*** DATA SEGMENT

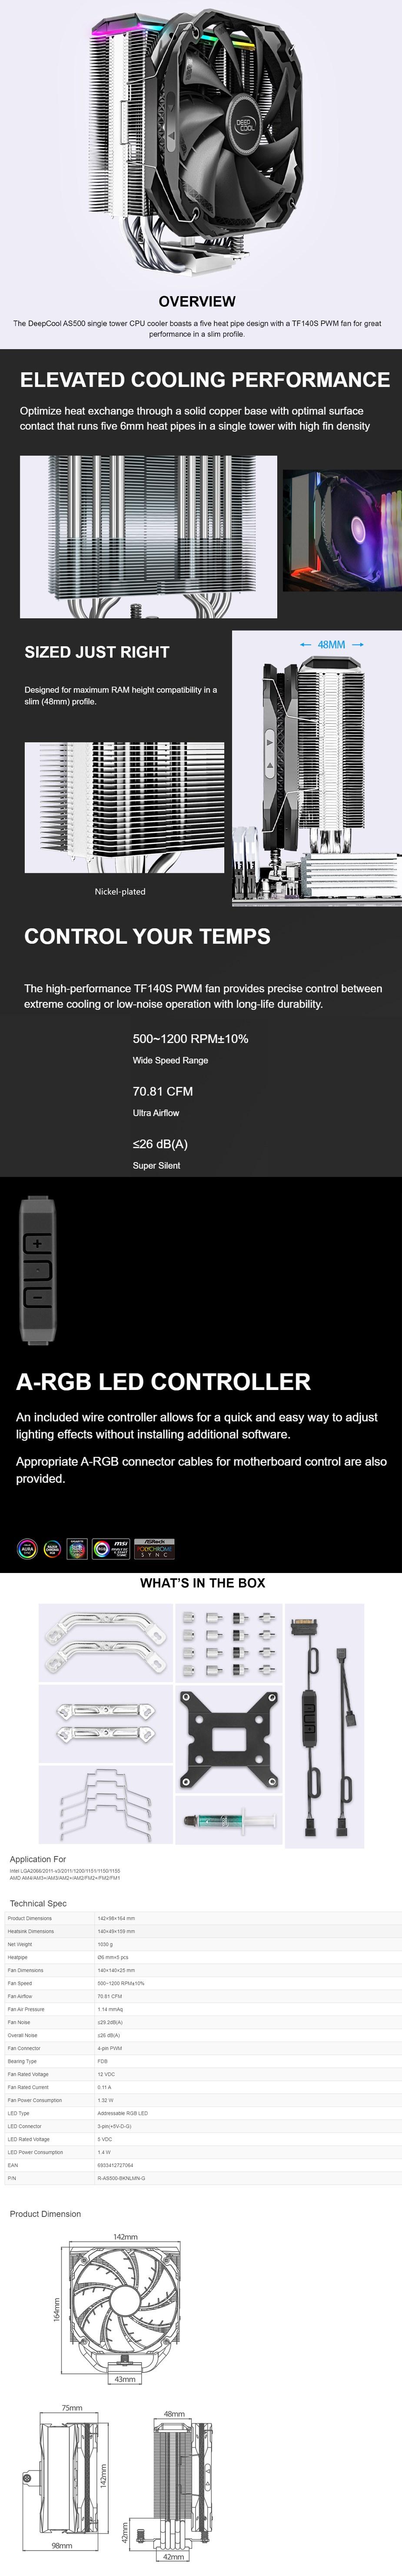 deepcool-as500-cpu-cooler-ac39787-2.jpg
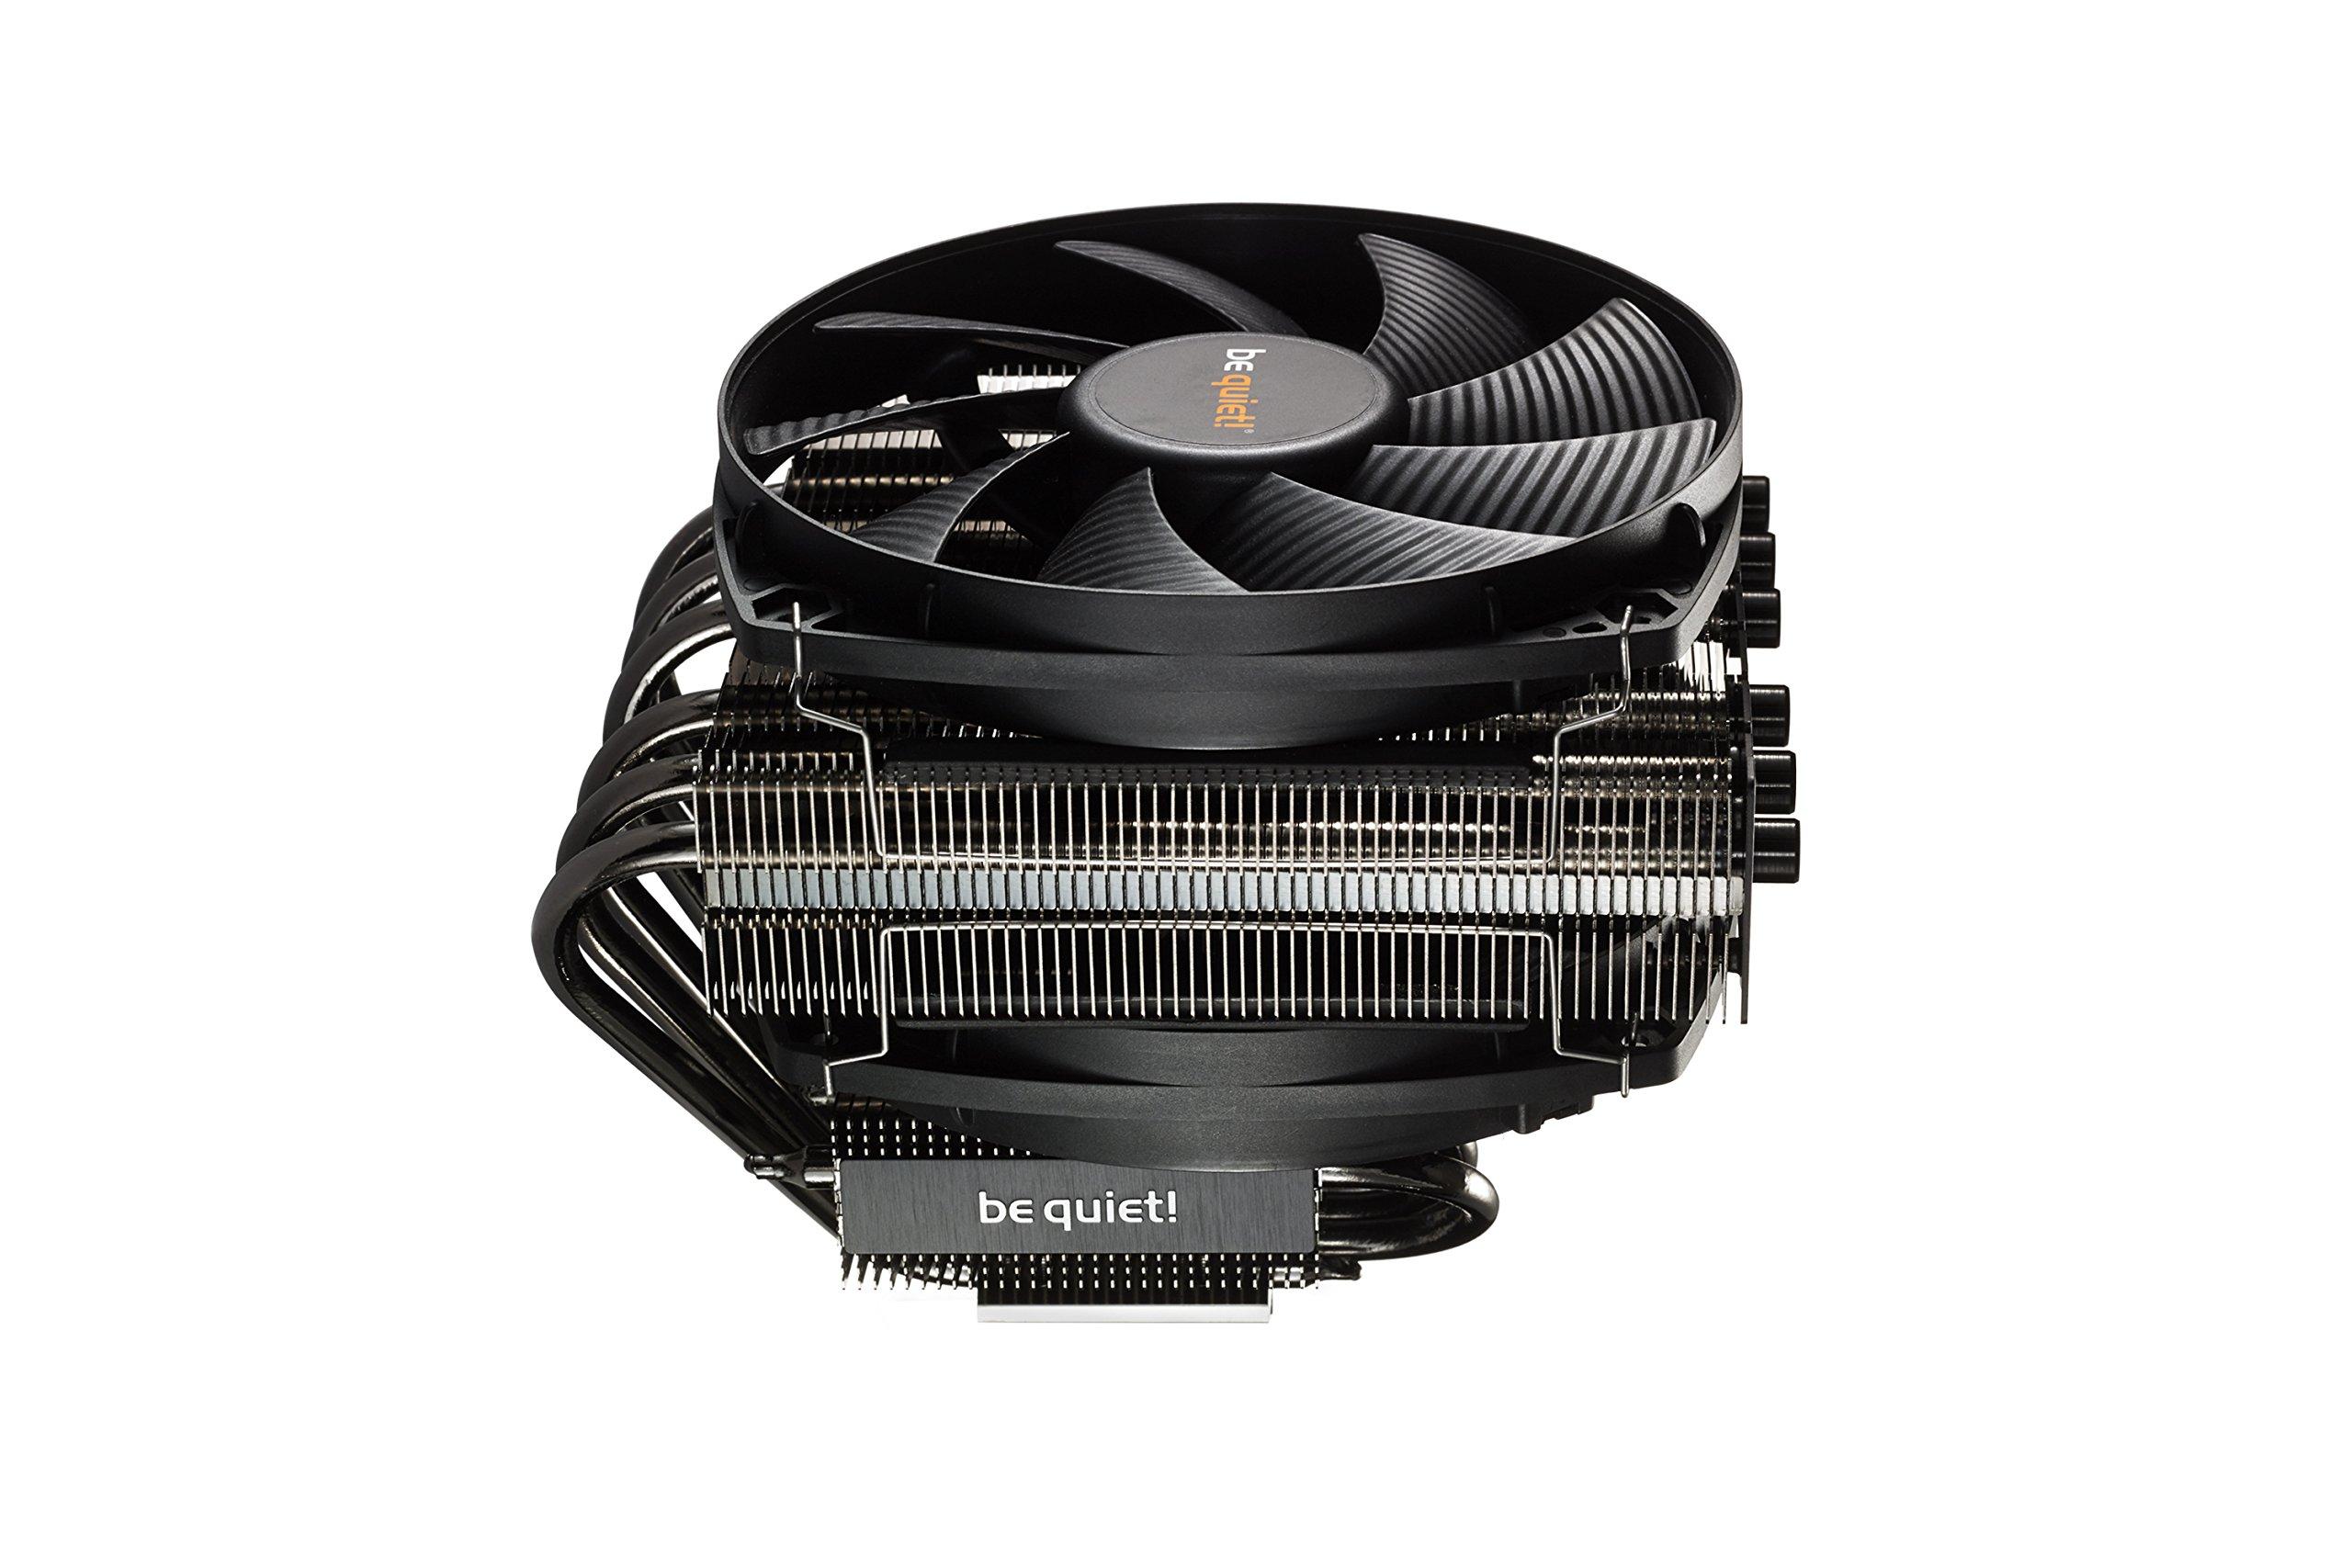 be quiet! Dark Rock Tf, BK020, 220W TDP, CPU Cooler by be quiet! (Image #2)
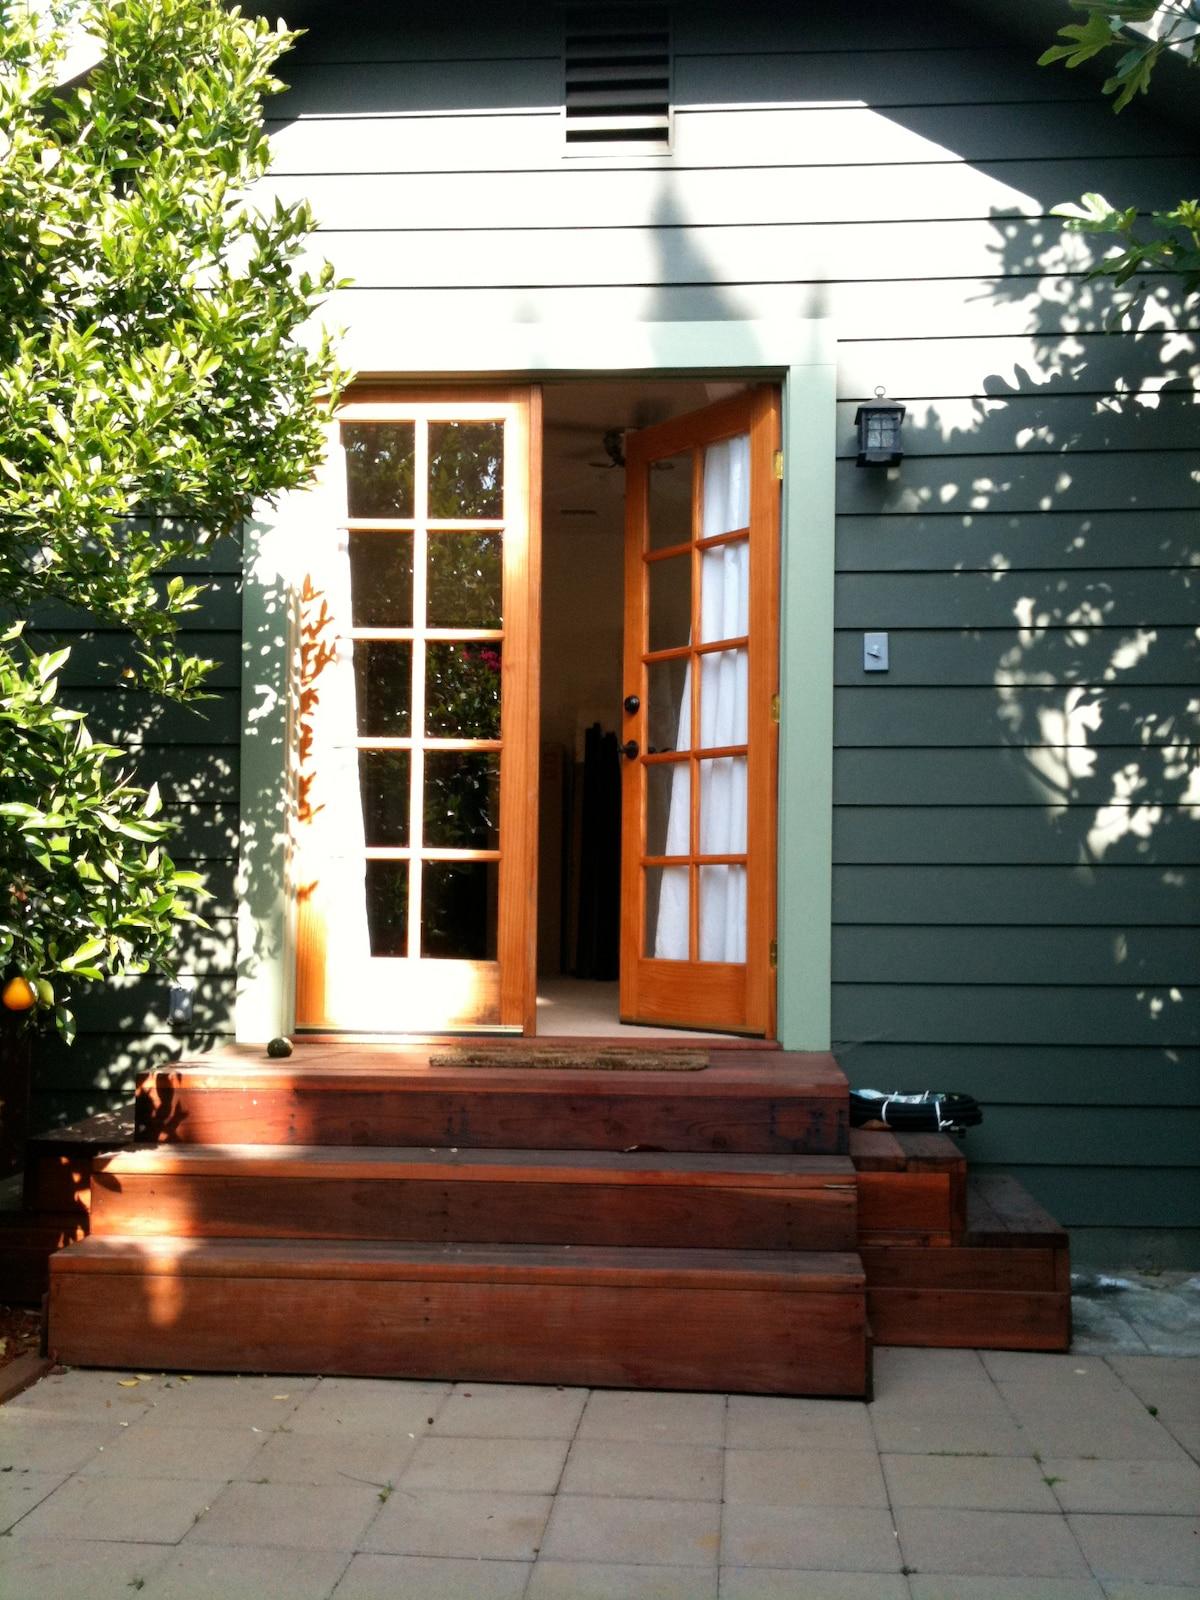 Guest House Entrance 1

******

_YOUR TASK_
Would you copy all the material exactly, dropping the pictures?

_RESULT_
 deepcool-as500-cpu-cooler-ac39787-2.jpg
 be quiet! Dark Rock Tf, BK020, 220W TDP, CPU Cooler by be quiet! (Image #2)
 Guest House Entrance 1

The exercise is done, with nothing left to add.